## Data
━━━━━━━━
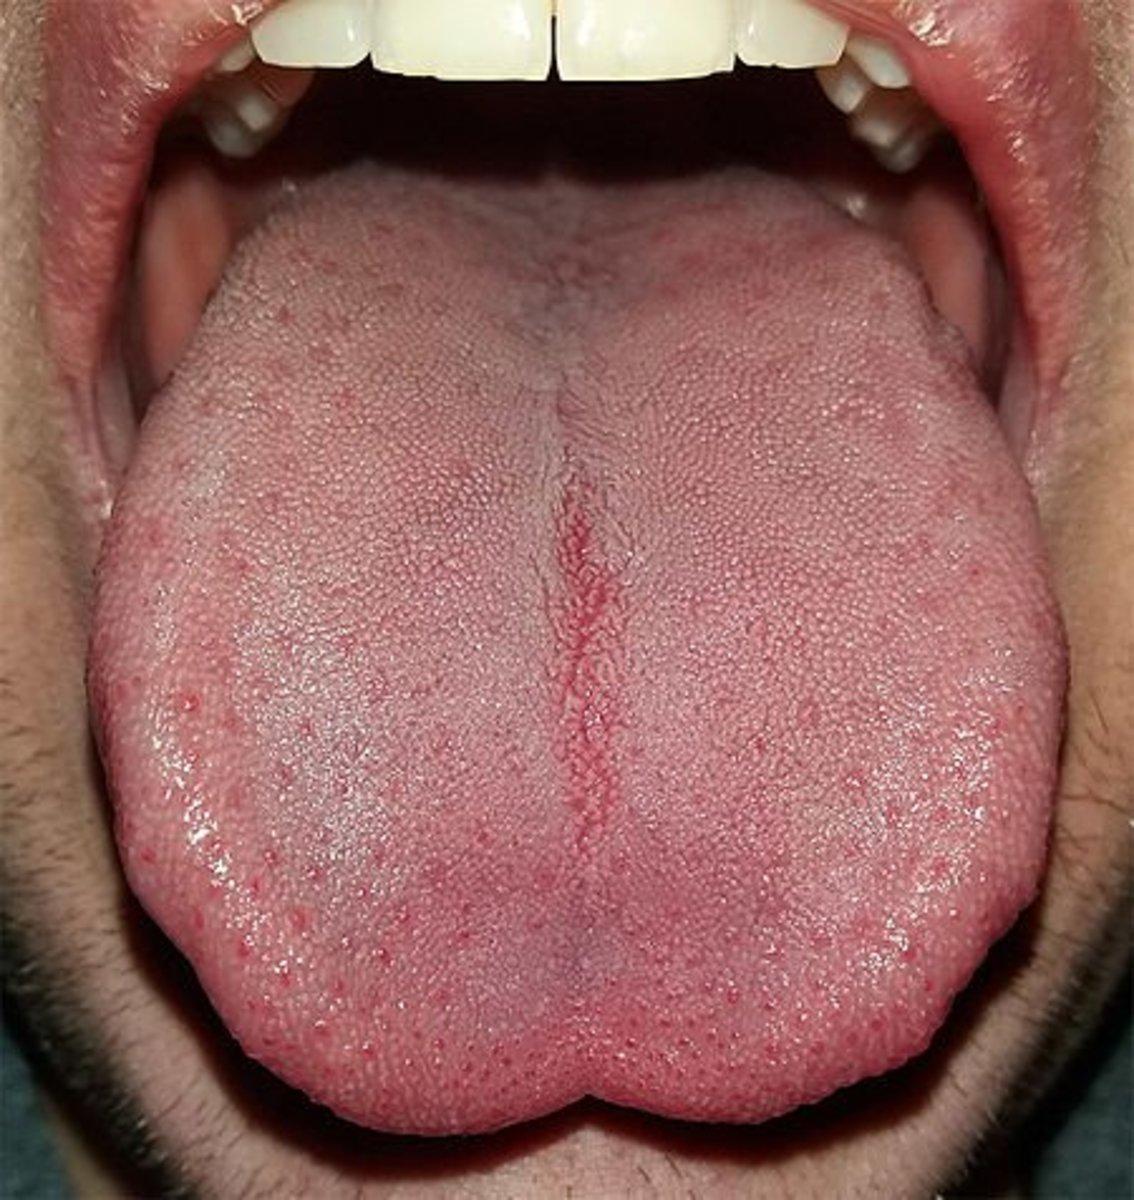 Unhealthy Healthy Tongue – Meta Morphoz
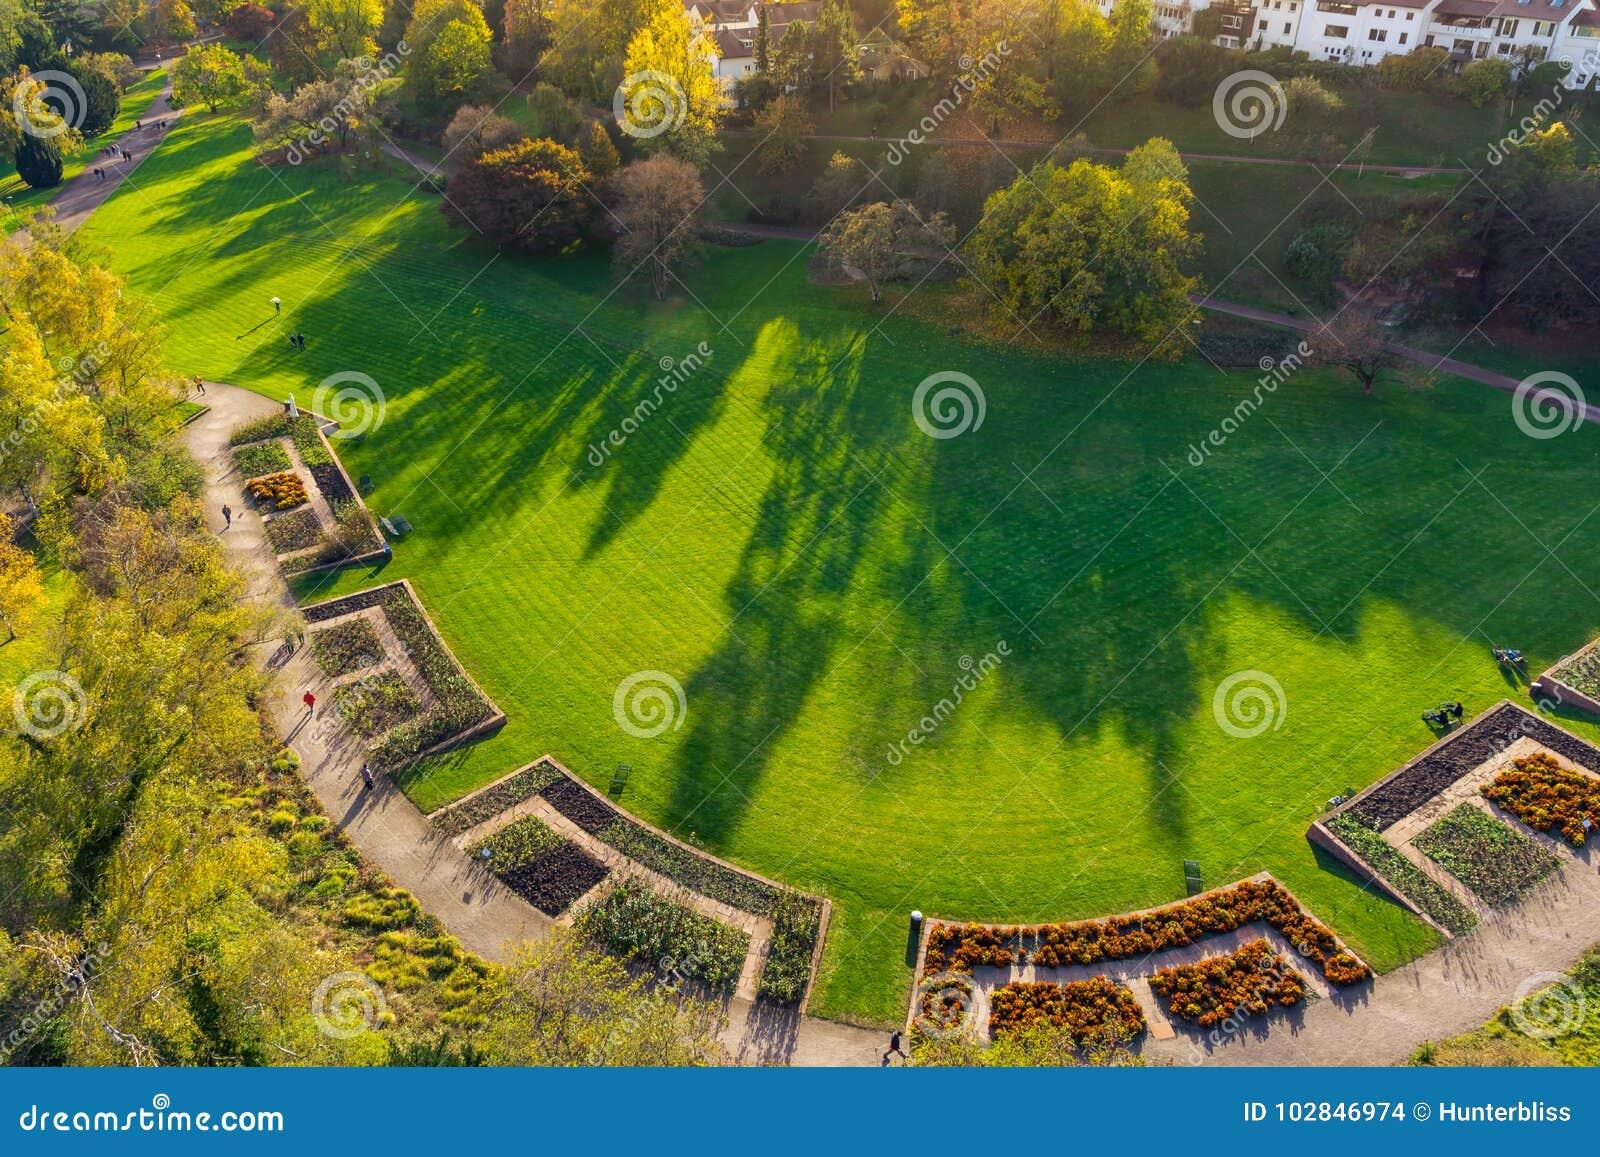 Grasartige Landschaft im Freien Autum Killesberg-Park-Stuttgarts Deutschland
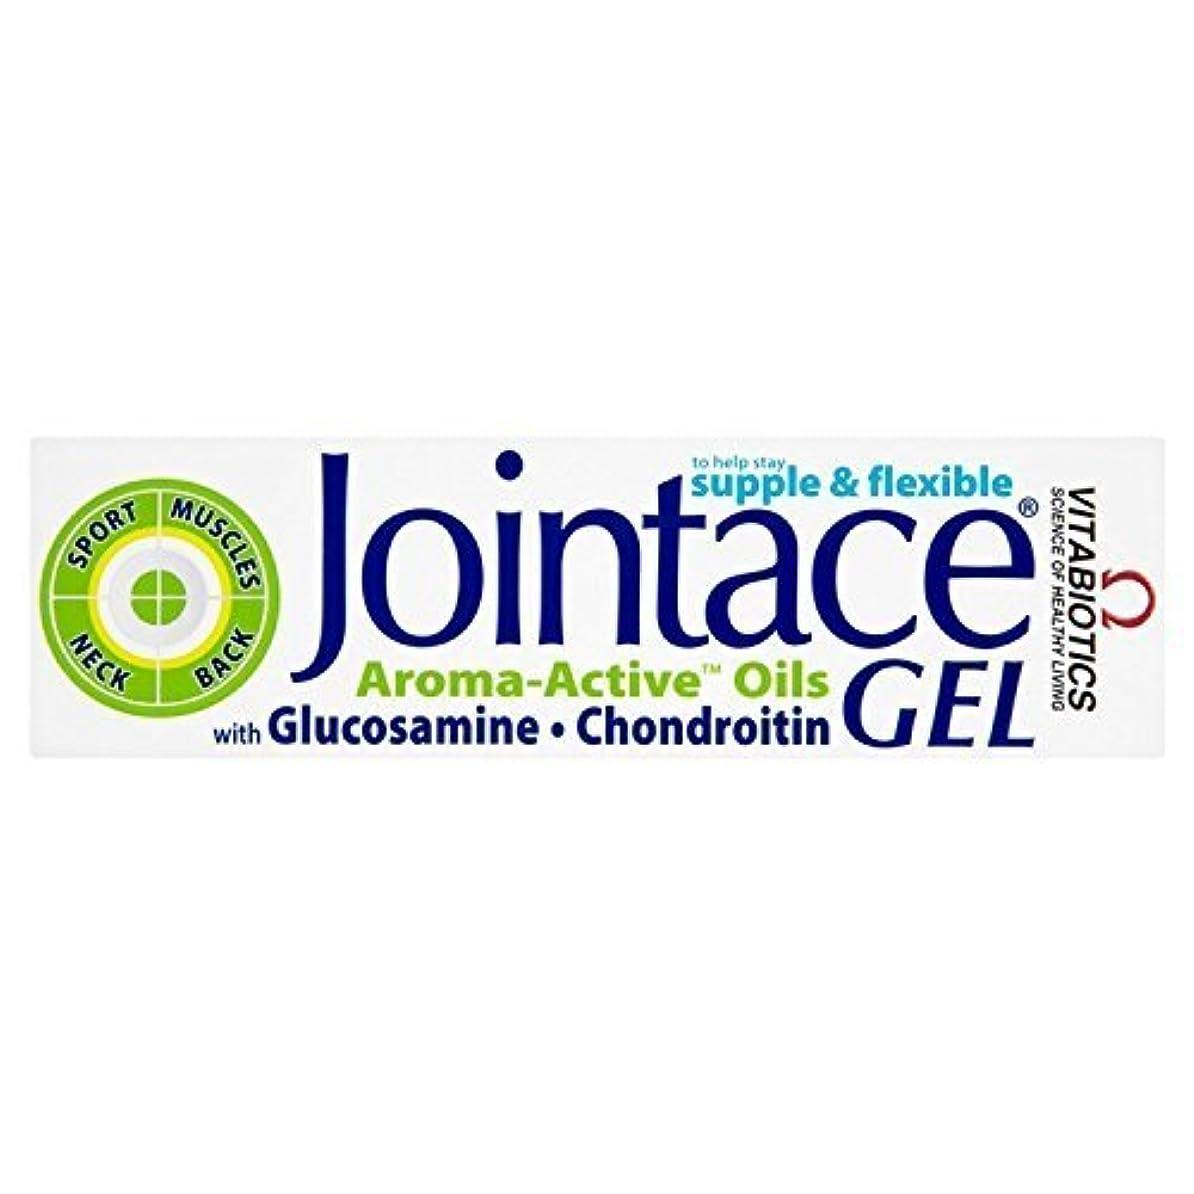 形状抜け目のない医師Vitabiotics Jointace Aromatic Massage Gel - 75ml (To Help stay supple & flexible) by Vitabiotics [並行輸入品]
━━━━━━━━
## Directions for this task
A verbatim copy of the listing is required, with all pictures left out.

## Task output
 Unhealthy Healthy Tongue – Meta Morphoz
 Grasartige Landschaft im Freien Autum Killesberg-Park-Stuttgarts Deutschland
 形状抜け目のない医師Vitabiotics Jointace Aromatic Massage Gel - 75ml (To Help stay supple & flexible) by Vitabiotics [並行輸入品]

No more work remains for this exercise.